Bradley E L, Reynhout J A, Peer G L
Department of Surgery, State University of New York (Buffalo), and Pain Management Services, Buffalo, NY, USA.
J Gastrointest Surg. 1998 Jan-Feb;2(1):88-94. doi: 10.1016/s1091-255x(98)80108-x.
Management of patients with intractable pain from "small duct" chronic pancreatitis has been difficult, often resulting in narcotic addiction and/or malnutrition from major pancreatic resection. Recently, denervation of sympathetic pain afferents from the pancreas by surgical splanchnicectomy has shown promise in relieving pain while preserving residual pancreatic function. However, results from surgical splanchnicectomy have been mixed in large part because of patient selection. Differentiating actual pancreatic pain from "pancreatic" pain caused by drug-seeking behavior, psychogenic diseases, or various somatically innervated conditions is clinically challenging at best. Between 1992 and 1996, twenty-two patients with 20 prior pancreatic operations, "small duct" chronic pancreatitis, and "pancreatic" pain requiring narcotics were evaluated. Each underwent differential epidural analgesia (DEA) using the following standard techniques: placebo, low-dose (sympathetic), and high-dose (somatic) blocks. Pain perceptions were recorded before and after DEA using a visual analogue scale (VAS). Six demonstrated a greater than 50% decrease in VAS pain after placebo injection and were eliminated from further study. In the remaining 16 patients, pain relief only occurred with sympathetic or somatic blockade. Greater and lesser splanchnicectomy (surgical splanchnicectomy) was performed 27 times in these 16 patients (11 bilateral, 6 synchronous) (5 unilateral; 2 right and 3 left) using thoracoscopic techniques in 14 patients and open thoracotomy in two. No significant surgical or anesthetic complications were encountered. Surgical splanchnicectomy resulted in an overall significant reduction in preoperative VAS scores (8.25 to 4.18; P <0.05). Ten of 13 patients with DEA-predicted sympathetic pain experienced a greater than 50% decrease in VAS after surgical splanchnicectomy, but only two had complete relief.
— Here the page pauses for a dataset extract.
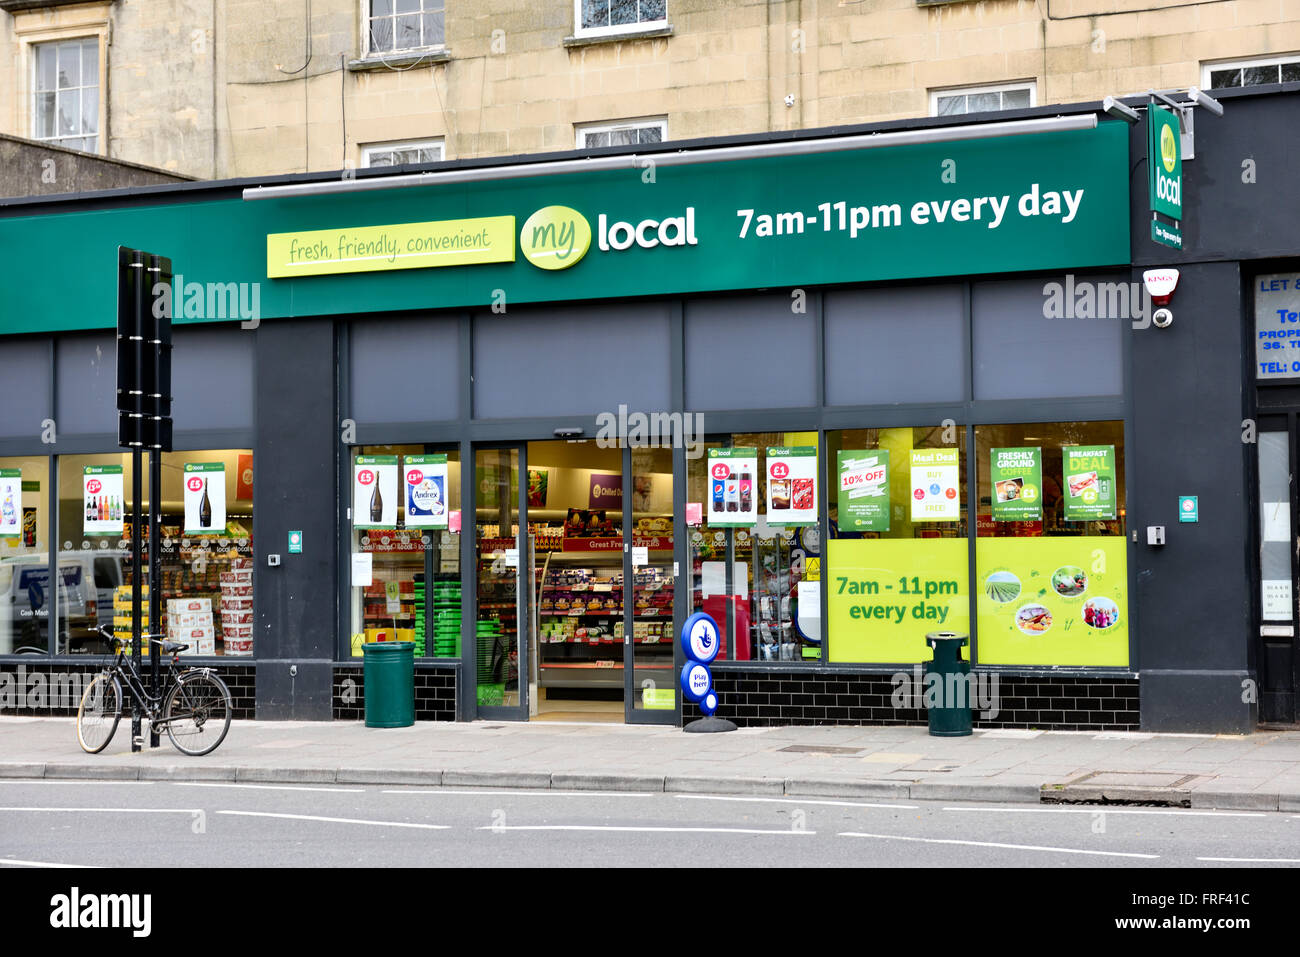 La mia catena locale store in Bristol, Regno Unito Foto Stock
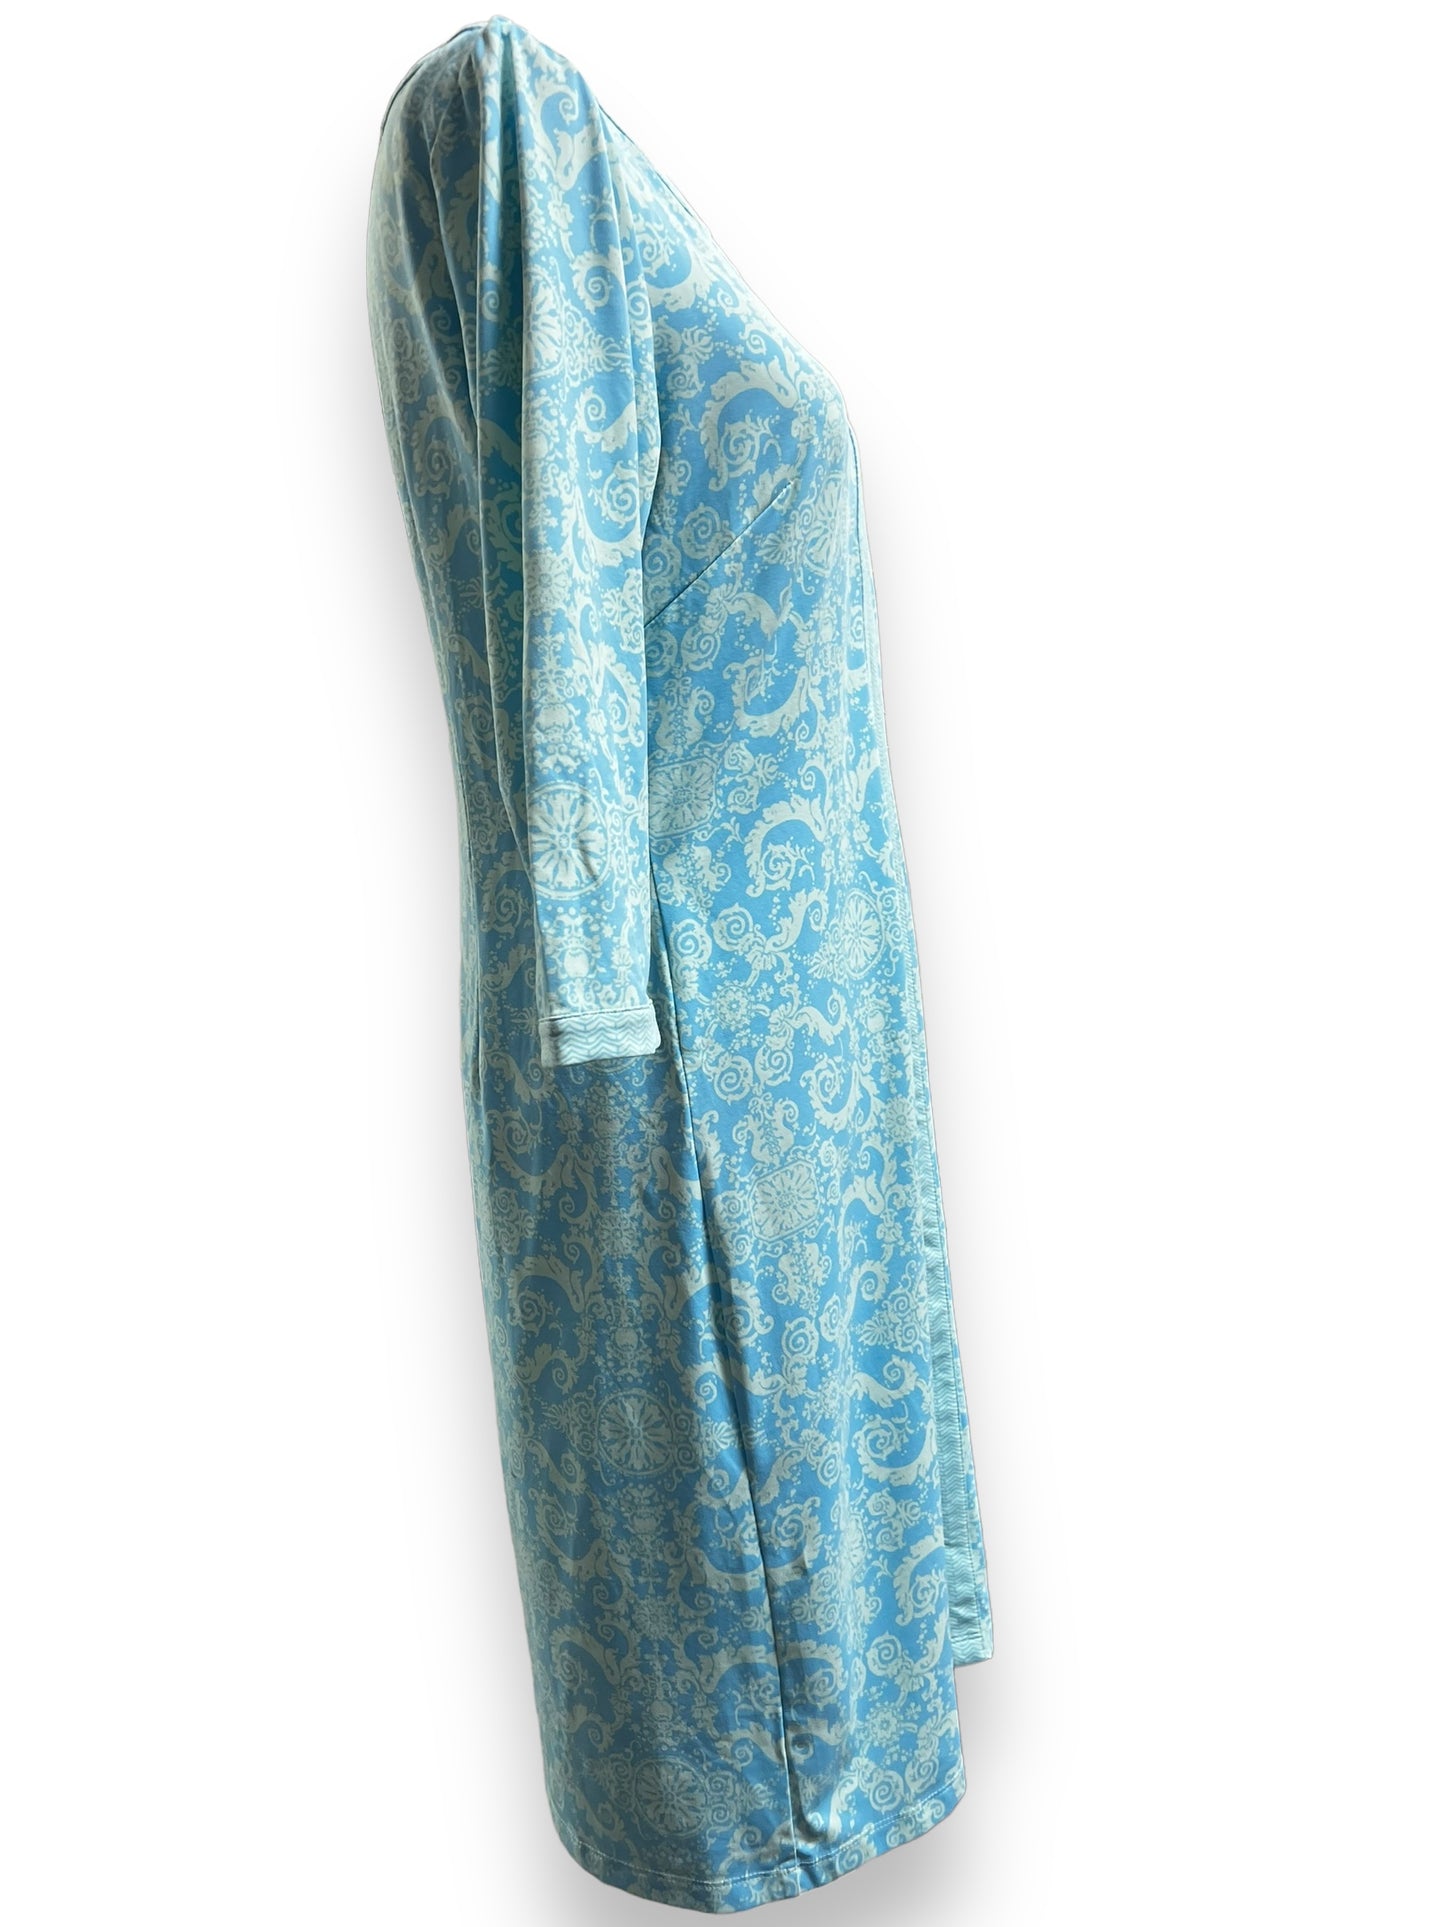 J. Mclaughlin Women's Light Blue Floral Dress. Size Medium

None of the three patients with DEA-predicted somatic pain were benefited by splanchnicectomy. During an average follow-up of 23.3 months, initial good results from surgical splanchnicectomy were maintained in 8 of 10 patients. The following conclusions were reached: (1) surgical splanchnicectomy is a safe, often effective technique for amelioration of intractable pain from "small duct" chronic pancreatitis and (2) DEA is a promising approach for identifying patients most likely to respond to surgical splanchnicectomy.
“小导管”慢性胰腺炎所致顽固性疼痛患者的管理一直很困难,常因进行大的胰腺切除术而导致麻醉药物成瘾和/或营养不良。最近,通过手术内脏神经切除术去除胰腺的交感神经痛传入纤维,在缓解疼痛的同时保留残余胰腺功能方面显示出前景。然而,由于患者选择的原因,手术内脏神经切除术的结果好坏参半。区分真正的胰腺疼痛与由药物寻求行为、精神性疾病或各种躯体神经支配情况引起的“胰腺样”疼痛,在临床上充其量也具有挑战性。1992年至1996年期间,对22例曾接受过20次胰腺手术、患有“小导管”慢性胰腺炎且因“胰腺样”疼痛需要使用麻醉药物的患者进行了评估。每位患者均采用以下标准技术接受了鉴别性硬膜外镇痛(DEA):安慰剂、低剂量(交感神经)和高剂量(躯体)阻滞。使用视觉模拟量表(VAS)在DEA前后记录疼痛感受。6例患者在注射安慰剂后VAS疼痛评分下降超过50%,并被排除在进一步研究之外。在其余16例患者中,仅在交感神经或躯体阻滞时疼痛得到缓解。在这16例患者中,使用胸腔镜技术对14例患者和开放胸廓切开术对2例患者进行了27次大、小内脏神经切除术(手术内脏神经切除术)(11例双侧,6例同步)(5例单侧;2例右侧和3例左侧)。未遇到明显的手术或麻醉并发症。手术内脏神经切除术导致术前VAS评分总体显著降低(从8.25降至4.18;P<0.05)。13例经DEA预测为交感神经痛的患者中有10例在手术内脏神经切除术后VAS评分下降超过50%,但只有2例完全缓解。3例经DEA预测为躯体痛的患者均未从内脏神经切除术中获益。在平均23.3个月的随访期间,10例患者中有8例维持了手术内脏神经切除术最初的良好效果。得出以下结论:(1)手术内脏神经切除术是一种安全且通常有效的技术,可改善“小导管”慢性胰腺炎所致的顽固性疼痛;(2)DEA是一种有前景的方法,可用于识别最可能对手术内脏神经切除术有反应的患者。